区别就在于,食堂大白菜里面的肉票切的又大又肥,白森森的,跟水煮出来的一样,和马秀秀烧的菜比,口味差远了。
她用搪瓷盆装的三盆素菜连着一锅红烧肉,很快就卖光了,回来后就开始清洗锅和盆。
她一边洗盆,一边苦恼。
徐惠清的厨房倒是愿意给她用,只是她用了徐惠清的厨房,就得给她买煤气罐,而且徐惠清厨房的炒锅很小,日常做做家里的家常菜还行,她这样的大锅菜,必须得用大锅来炒!
徐惠民厨房的灶台倒是修好了,没锅!
原本人家的锅早就搬走了,啥都没留下。
而且要用灶台的大锅炒菜的话,就得有木柴!
城市里,煤球好买,木柴还真不好买,哪里弄木柴去?
她突然想到她们开辟菜地的那块荒地上,有不少荒草和蒿草,倒是可以砍了晒干拿回来烧,可荒草只能烧一时,荒草烧完了,以后咋办呢?
马秀秀苦恼。
她怎么都想不通,怎么做个生意这么难!
不是这个问题,就是那个问题!
第二天凌晨两点钟,马秀秀和徐二嫂就又起床了,准备去农贸批发市场进货,来到隐山小区公交车总站才发现,太早了,公交车还没发车!
最早的一班公交车,要到早上五点钟。
两个人乘兴而起,悻悻而归。
但因为昨天捡回来的素菜,她也卖了一些钱,到了早上五点钟,她还是坐了公交车转车,去了一趟农贸市场,捡了一袋子菜回来。

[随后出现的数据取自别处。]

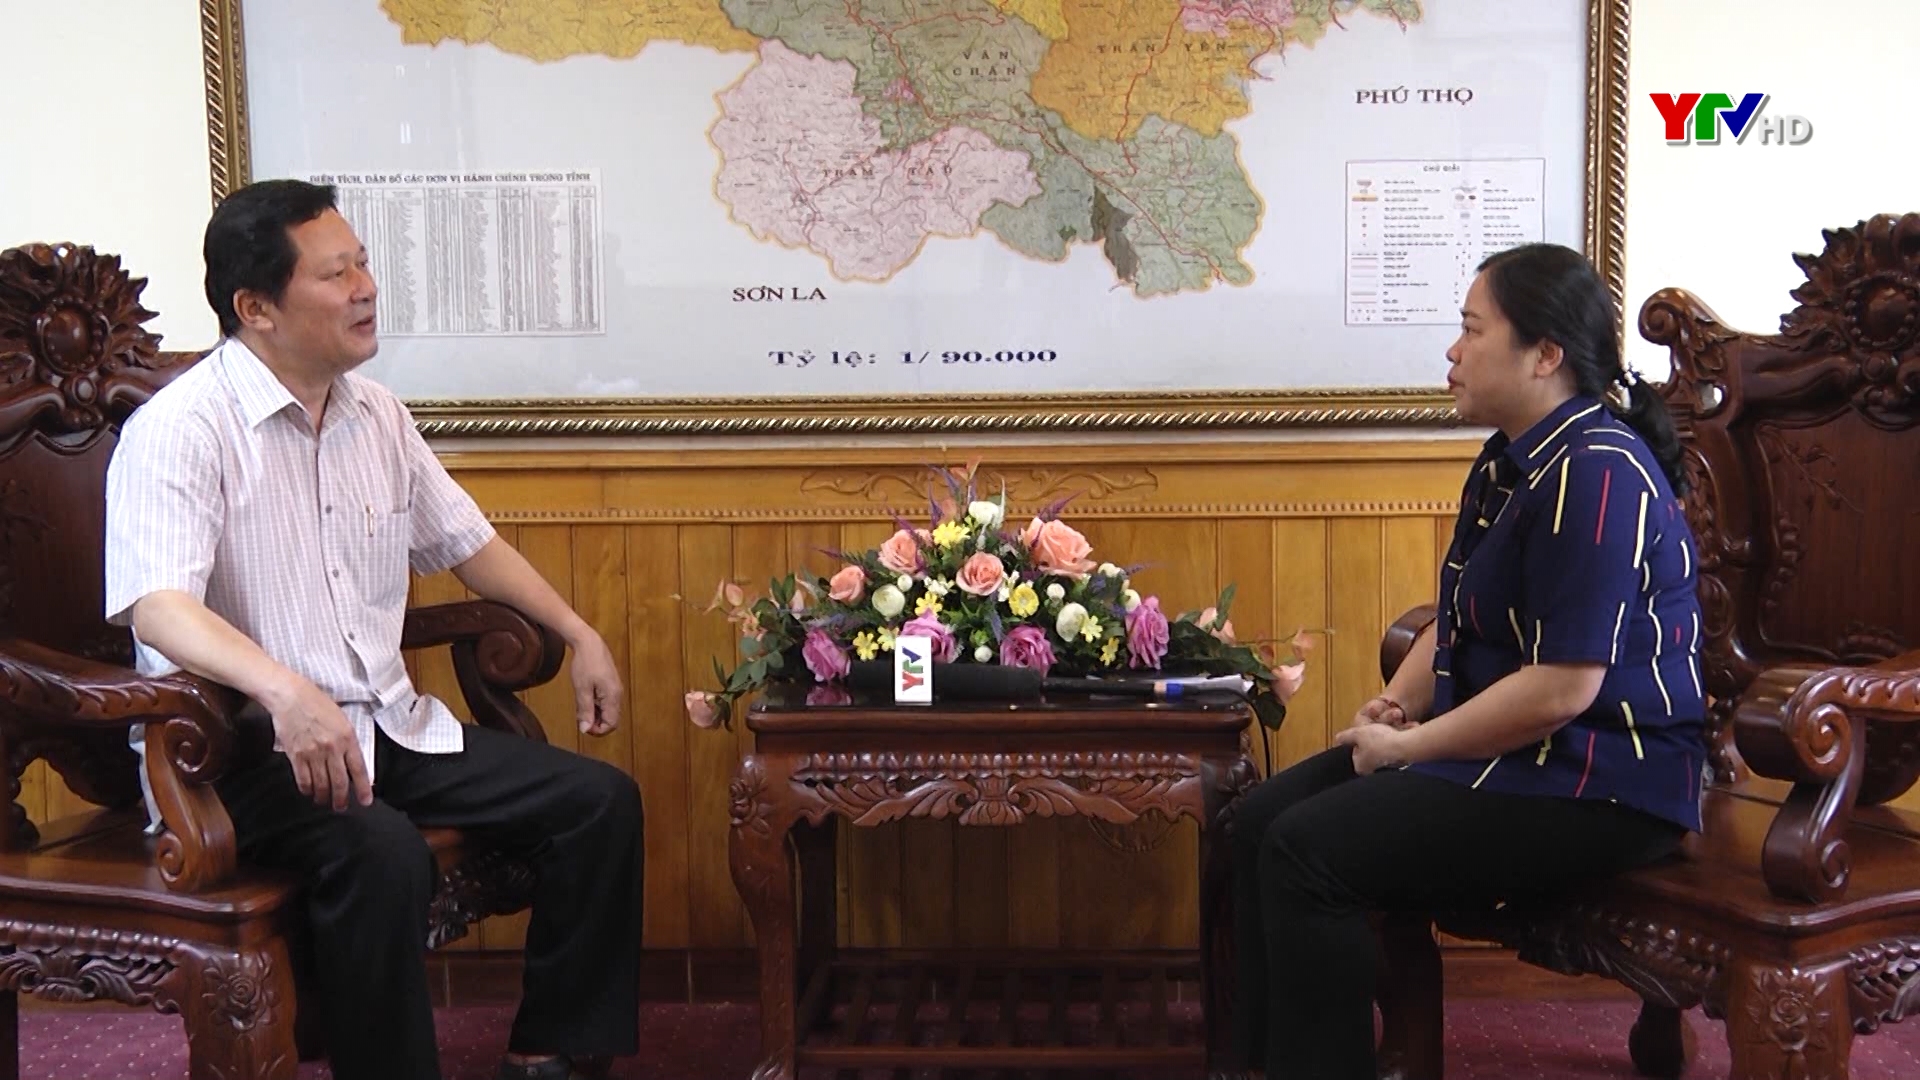 Phỏng vấn ông Vương Văn Bằng - Giám đốc Sở Giáo dục và Đào tạo Yên Bái
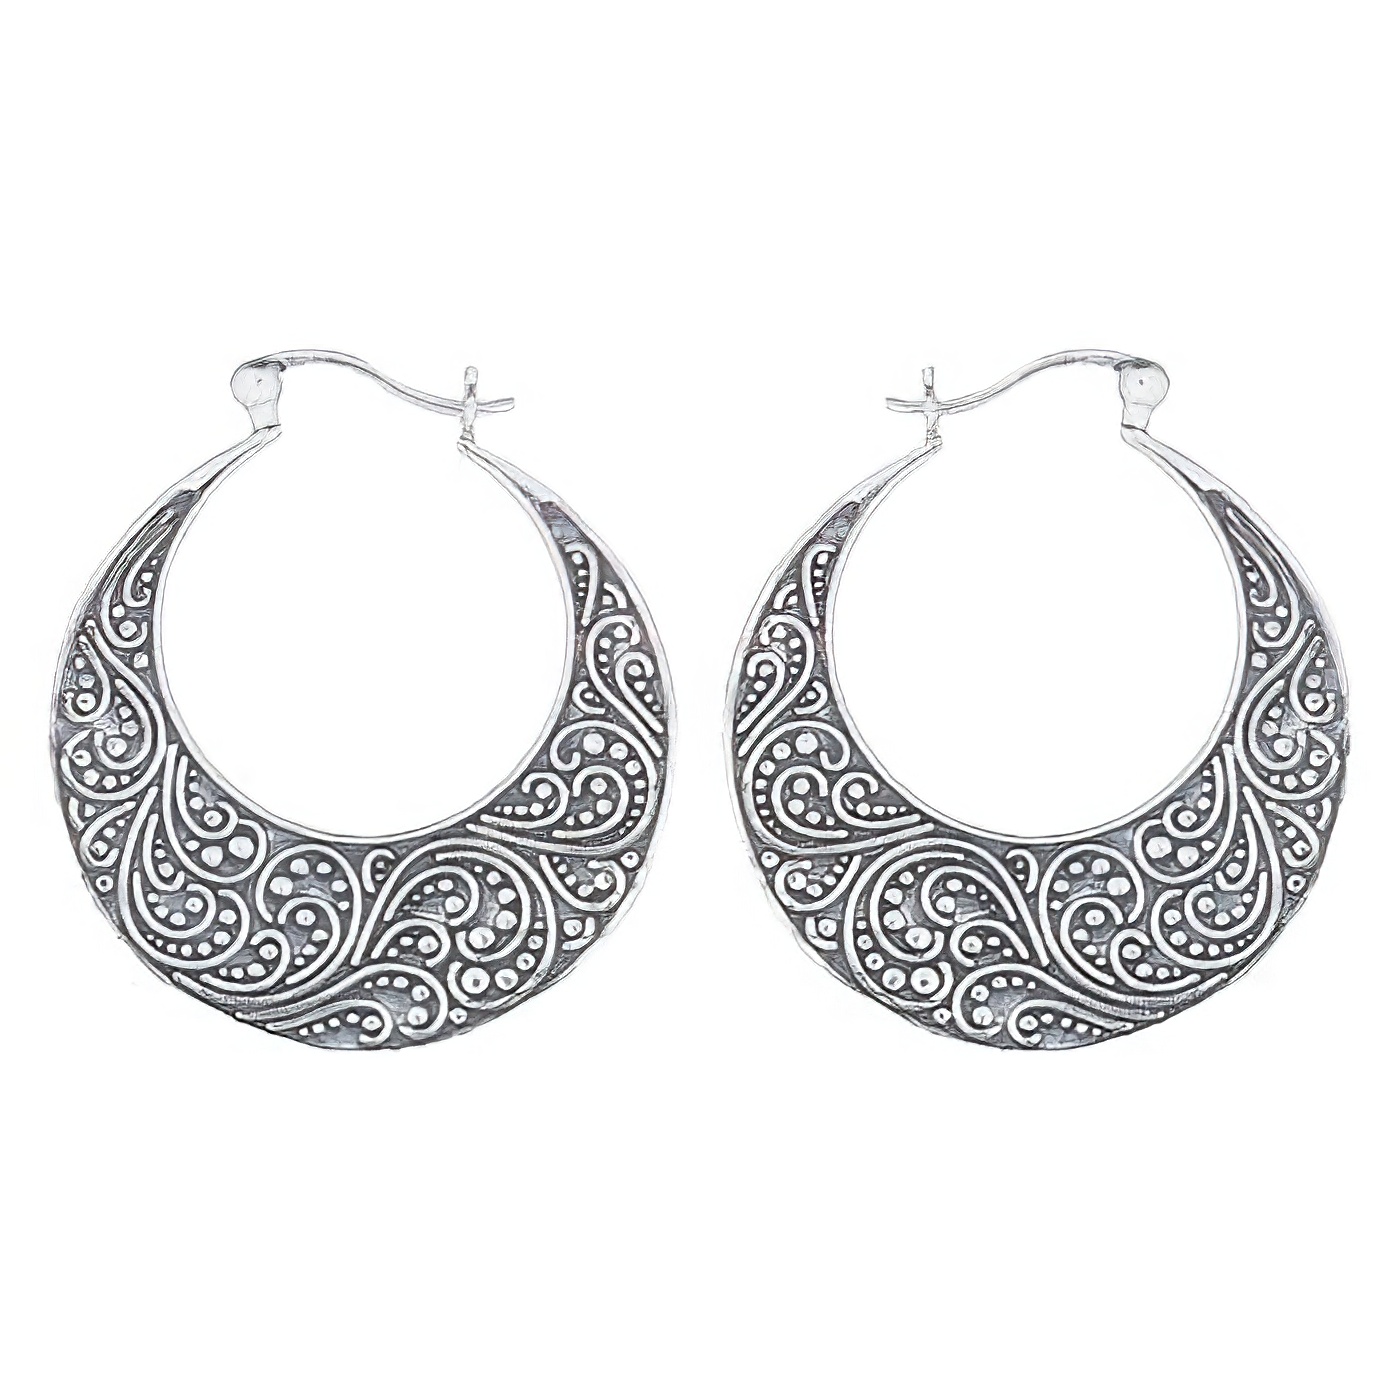 Stunning Filigree Hoop 925 Sterling Silver Earrings by BeYindi

徐二嫂之所以还愿意陪她去,是因为她之前想的,马秀秀做红烧肉,她不能跟马秀秀做一样的,她卖卤货不是一样的?也算不上跟马秀秀抢生意吧?所以她也跟着马秀秀一起,想把农贸市场的情况摸熟。
徐惠清送小西回来没多久,她们也回来了,就看到马秀秀蔫头耷脑的模样,问她什么情况,马秀秀今天去的早,到的时候肉摊还没收摊,倒也买到了一些肉回来,只是她肉买的少,要不是肉摊老板最后只剩下了那么一块约有二十斤重的肉,马秀秀才买五斤,人家肉摊老板都不愿意卖给她,要她二十斤一起拿走。
马秀秀想要十斤,让他以后每天早上给她留十斤肉,她来拿,“这样细水长流的生意不就做起来了吗?”
人家肉摊上的老板没好气地说:“十斤肉,还要给你留?我今天能剩点肉都是意外,还能每天有剩肉?走走走!你那么点肉,直接在你们小区买买就好了嘞!”
她买的少,人肉摊老板都不愿意搭理她,要不是六点多,批发市场都没什么客人了,他还嫌她站在他摊位钱挡了他的生意。
还是她好说歹说,说她是做快餐的,刚开始做,不敢拿太多货,怕卖不完坏掉了,磨了肉摊老板好一阵,人肉摊老板也不愿意,十斤是不可能卖的,最后没办法,让老板把二十斤肉一分为二,马秀秀一起买回来了,二十斤肉一天肯定是卖不完的,她来徐惠清这,就是要往徐惠清家的冰箱里塞十斤,带十斤回去烧。
这还是她连着在工地上卖了一段时间,口碑做出来了,很多吃过她做的红烧肉的人,愿意过来买了,客人多了,十斤红烧肉也能卖的完,卖不完也没关系,现在天还凉着,晚上徐家三兄弟回来也能吃的完,即使他们吃不完,还有程建军工程队的小工们呢。
马秀秀做菜的手艺确实不错,程建军工程队做菜的是程建军的妹妹,手艺很一般,自从马秀秀开始卖红烧肉,有些馋肉的小工,偶尔也在马秀秀这里买一份回去,两个人吃,有了素菜后,他们就用大汤碗,五毛钱买满满一汤碗的烩菜,一人一毛钱的菜,也能吃喷香。
马秀秀和徐惠清说了:“我本来还想起来早一点就早一点,去农贸批发市场买了肉回来,也能省点钱,哪晓得我们起来了,却没有公交车,那么远的路,靠我们两条腿也走不去啊!”
马秀秀垂头丧气。
批发市场的老板留肉是不可能留肉的,只能她每天早上自己早早去农贸批发市场去拿,去的早,一次性拿二十斤,肉摊老板也愿意卖,有些肉铺老板半山猪肉卖不掉,也想少一点的,就匀出来二十斤,这样卖也行!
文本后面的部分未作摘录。